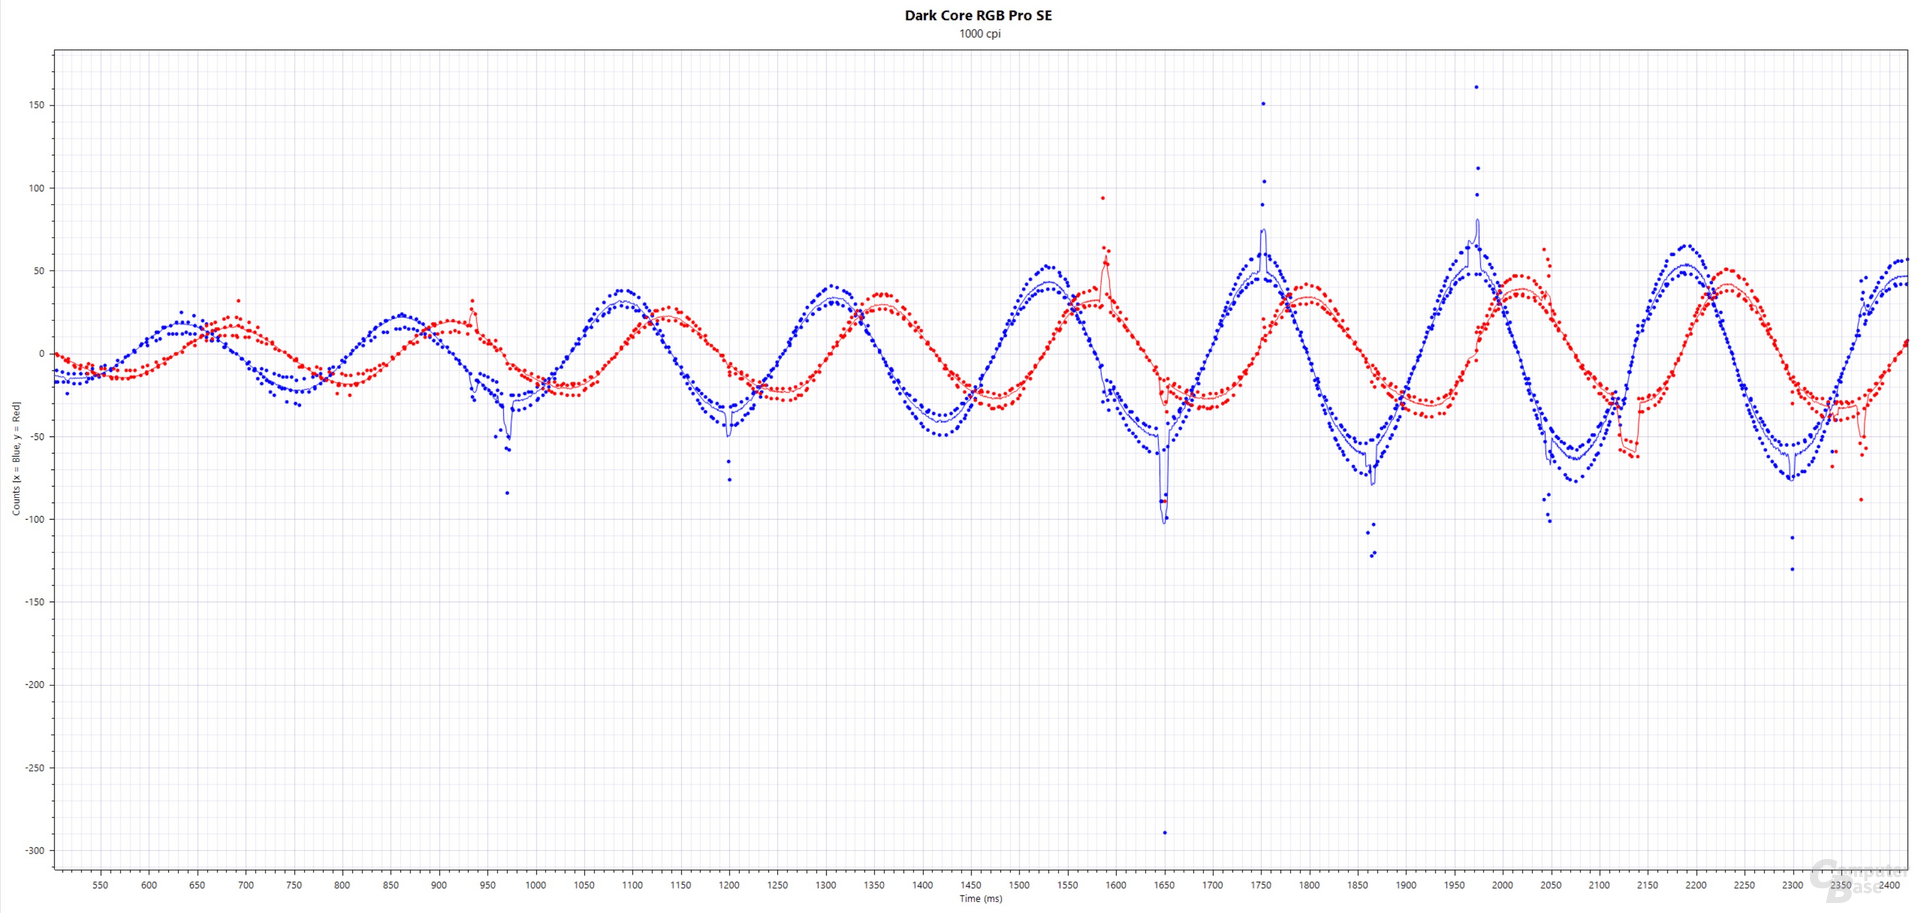 Blau: xCounts(ms), Rot: yCounts(ms); Corsair Dark Core RGB Pro SE (PixArt PAW-3392, 1.000 cpi, 1.000 Hertz, Stoffmauspad)
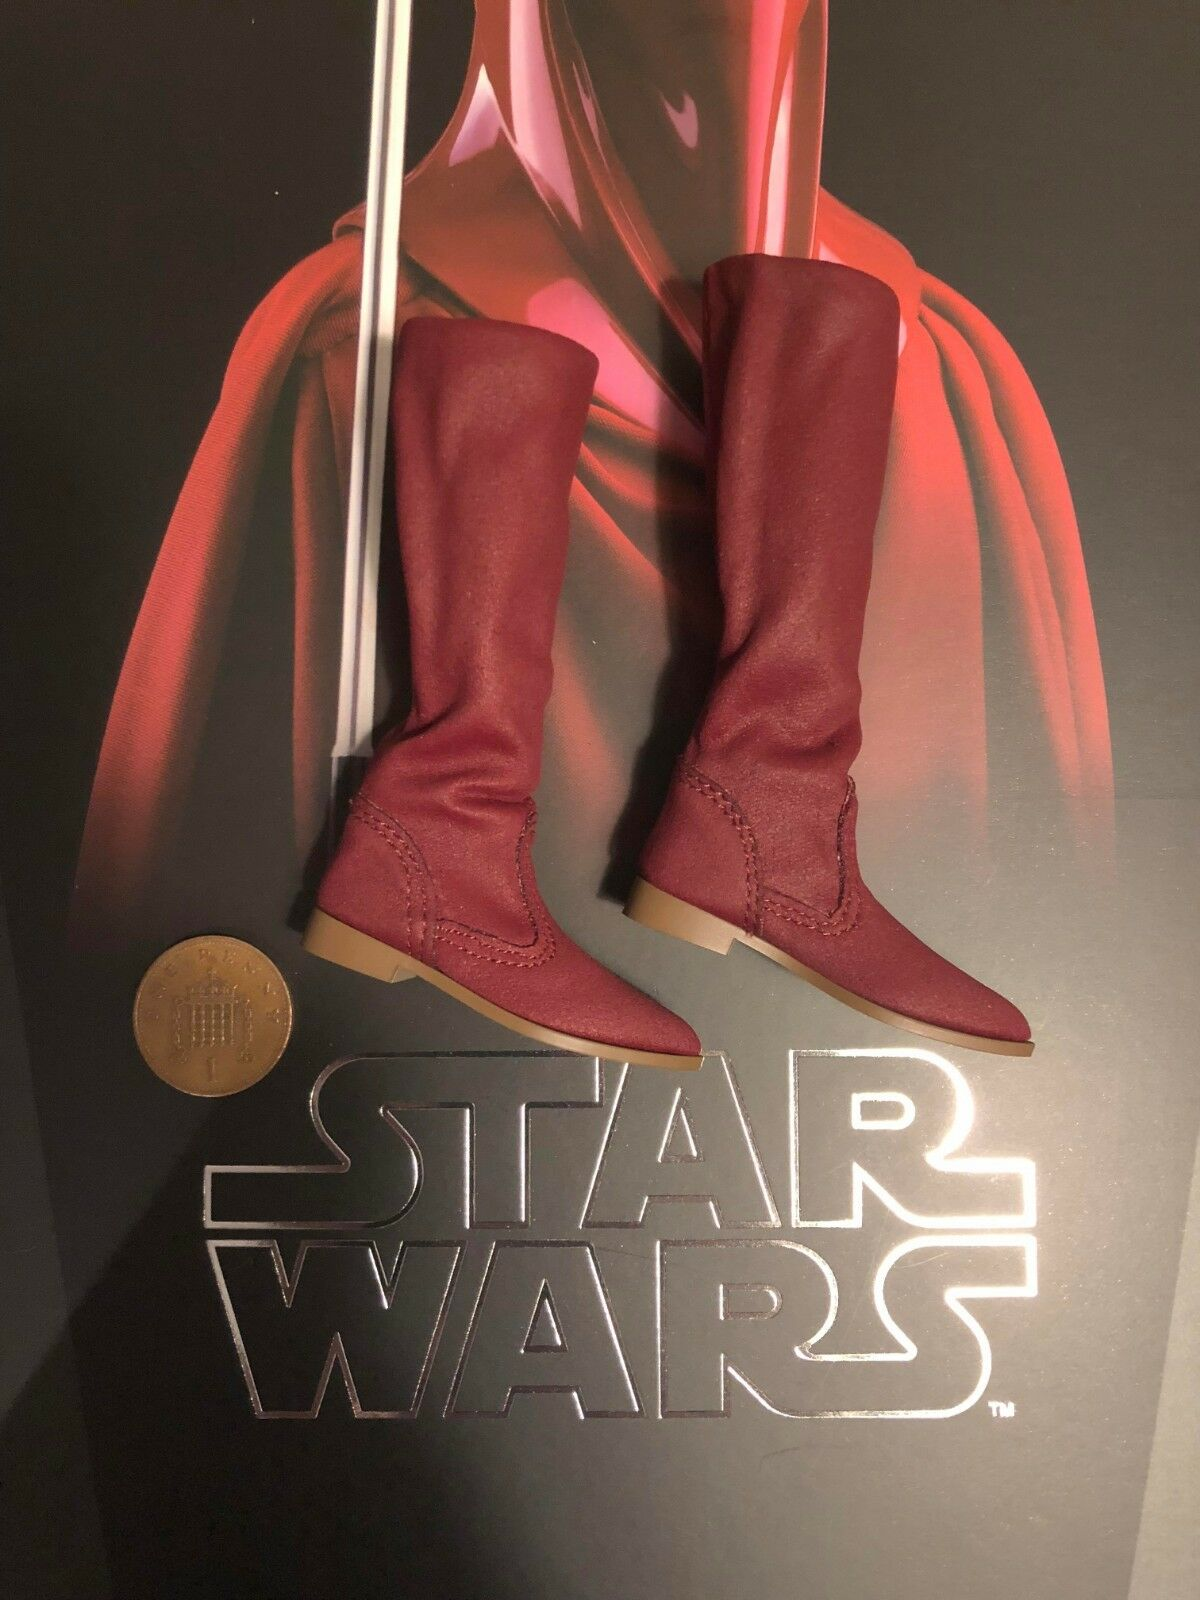 Heißes spielzeug star wars rotj königliche wache mms469 tall Stiefel los 1   6 - skala
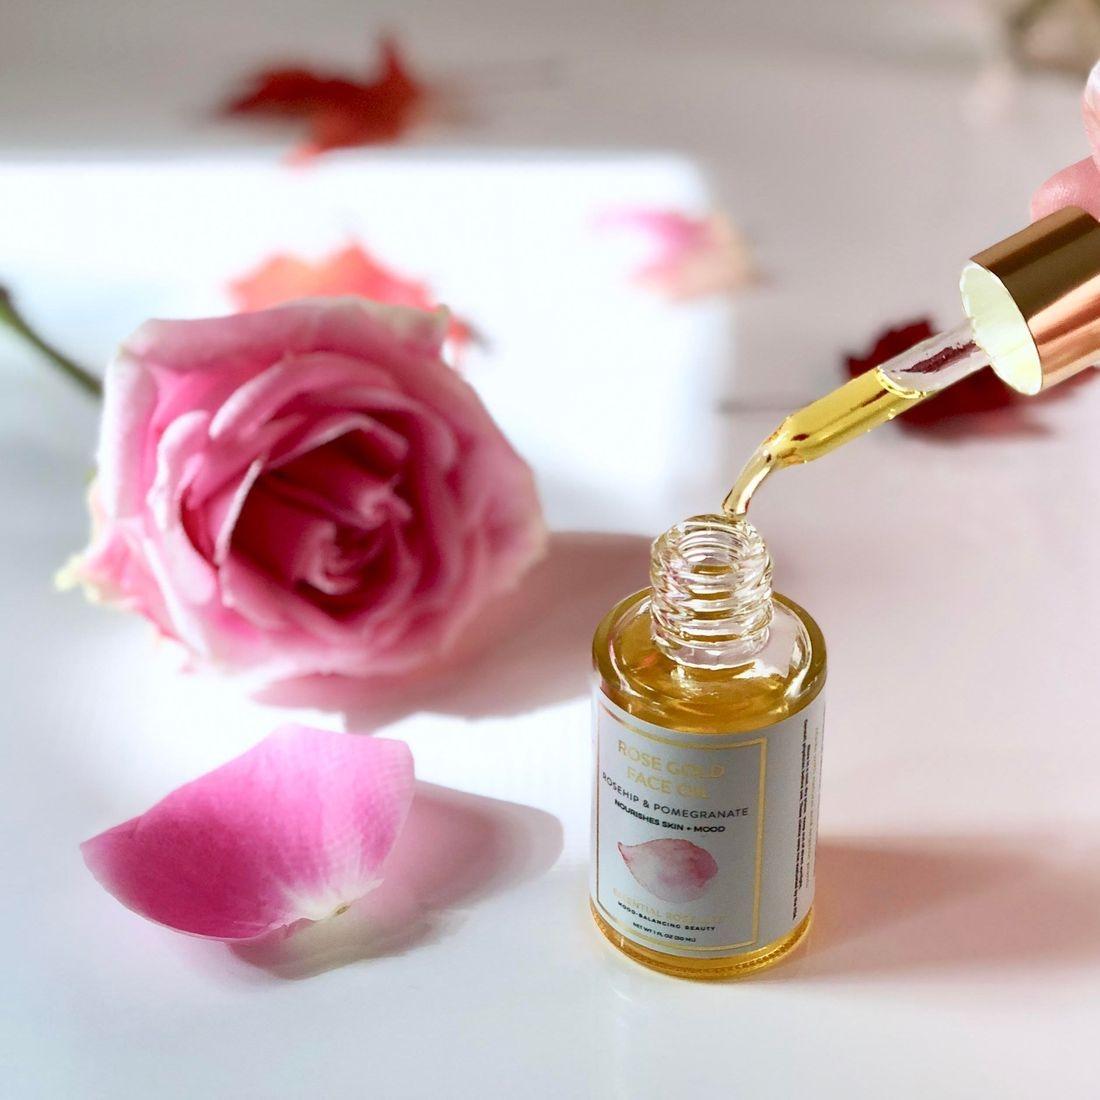 RosePost Box, Essential Rose Life, RosePost Subscription Box, Rose Beauty Box, Rose-infused beauty
****************************************
TRY IT:
Starting at the line that contains "Heißes spielzeug star" and ending with the last line of the data, transcribe every line exactly; skip the pictures.

SOLUTION TO THIS PROBLEM:
 Heißes spielzeug star wars rotj königliche wache mms469 tall Stiefel los 1   6 - skala
 RosePost Box, Essential Rose Life, RosePost Subscription Box, Rose Beauty Box, Rose-infused beauty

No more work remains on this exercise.